= Yoshiaki Watanabe =

Japanese artist

Yoshiaki Watanabe (渡辺好明, Watanabe Yoshiaki) (June 24, 1955 - November 4, 2009) was a Japanese artist, born in Hyōgo Prefecture, Japan and best known for his installation work involving candles.

He graduated from the undergraduate program at the Tokyo National University of Fine Arts and Music (now known as Tokyo University of the Arts) in 1980 with a degree in oil painting, and completed a graduate program in mural work in 1982. From 1985 to 1989 he lived and worked in Germany at the Kunstakademie Düsseldorf on a Deutscher Akademischer Austauschdienst Dienst (German Academic Exchange Service) grant.

He returned to Japan in 1989 and began working at the Tokyo National University of Fine Arts and Music as an assistant, eventually matriculating to a full professorship.
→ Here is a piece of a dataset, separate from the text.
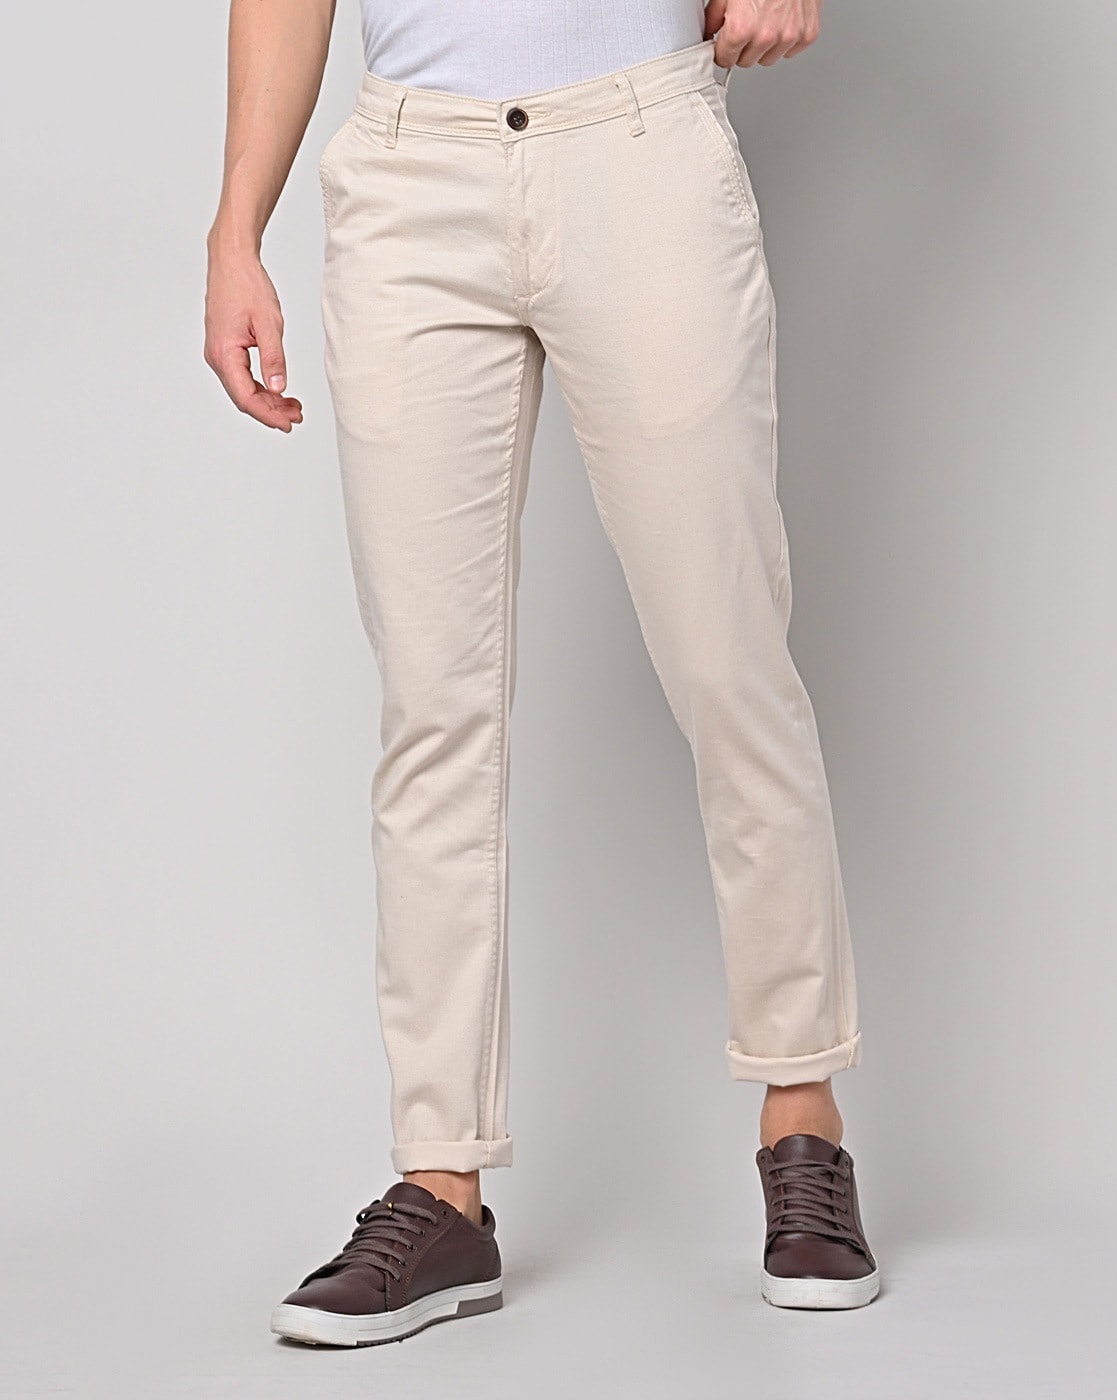 Buy AD by Arvind Men Black Regular Fit Solid Casual Chinos - NNNOW.com
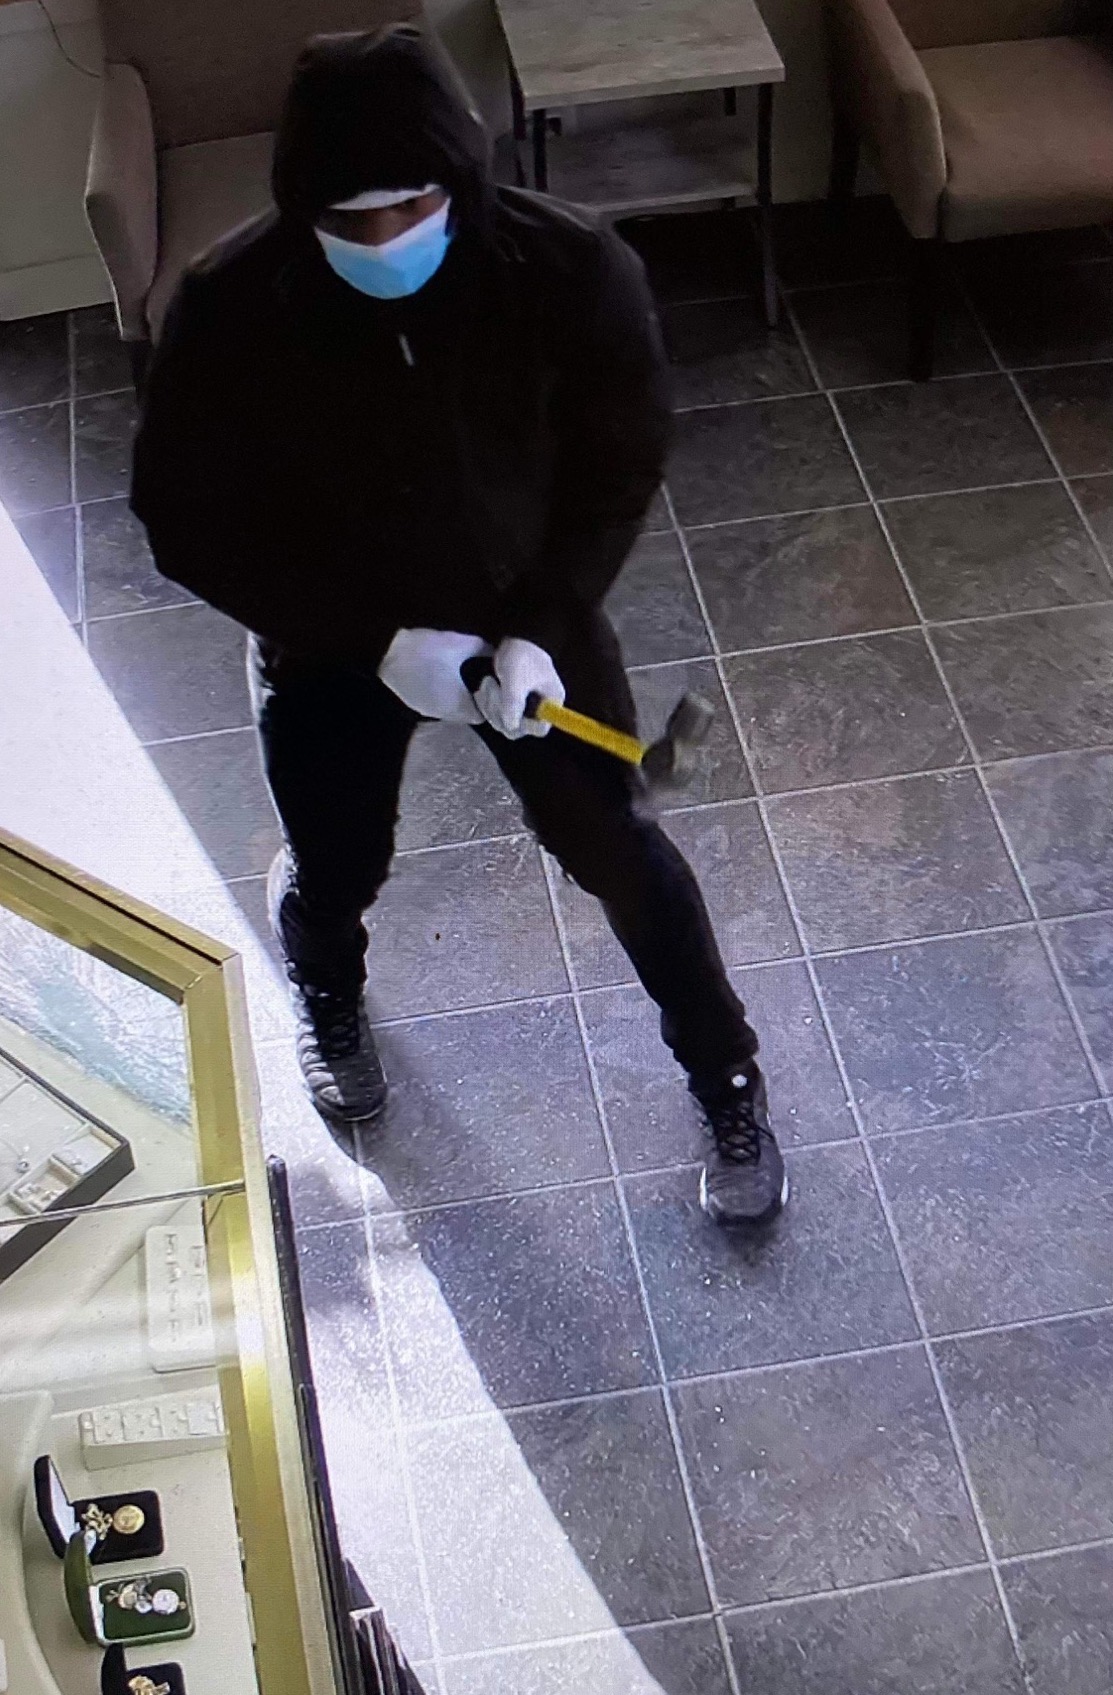 suspect with hammer

In 1999 he was one of the founding professors of the university's Inter-Media Arts program. He was also one of the main organisers of the Toride Art Project, a community arts project based in Toride City in Ibaraki, Japan. More recently he had done extensive work founding the Ino Artists Village.

As an artist, Watanabe had exhibited extensively around the world, completing exhibitions in Turkey and Germany shortly before his death.

He died from sudden heart failure on November 4, 2009.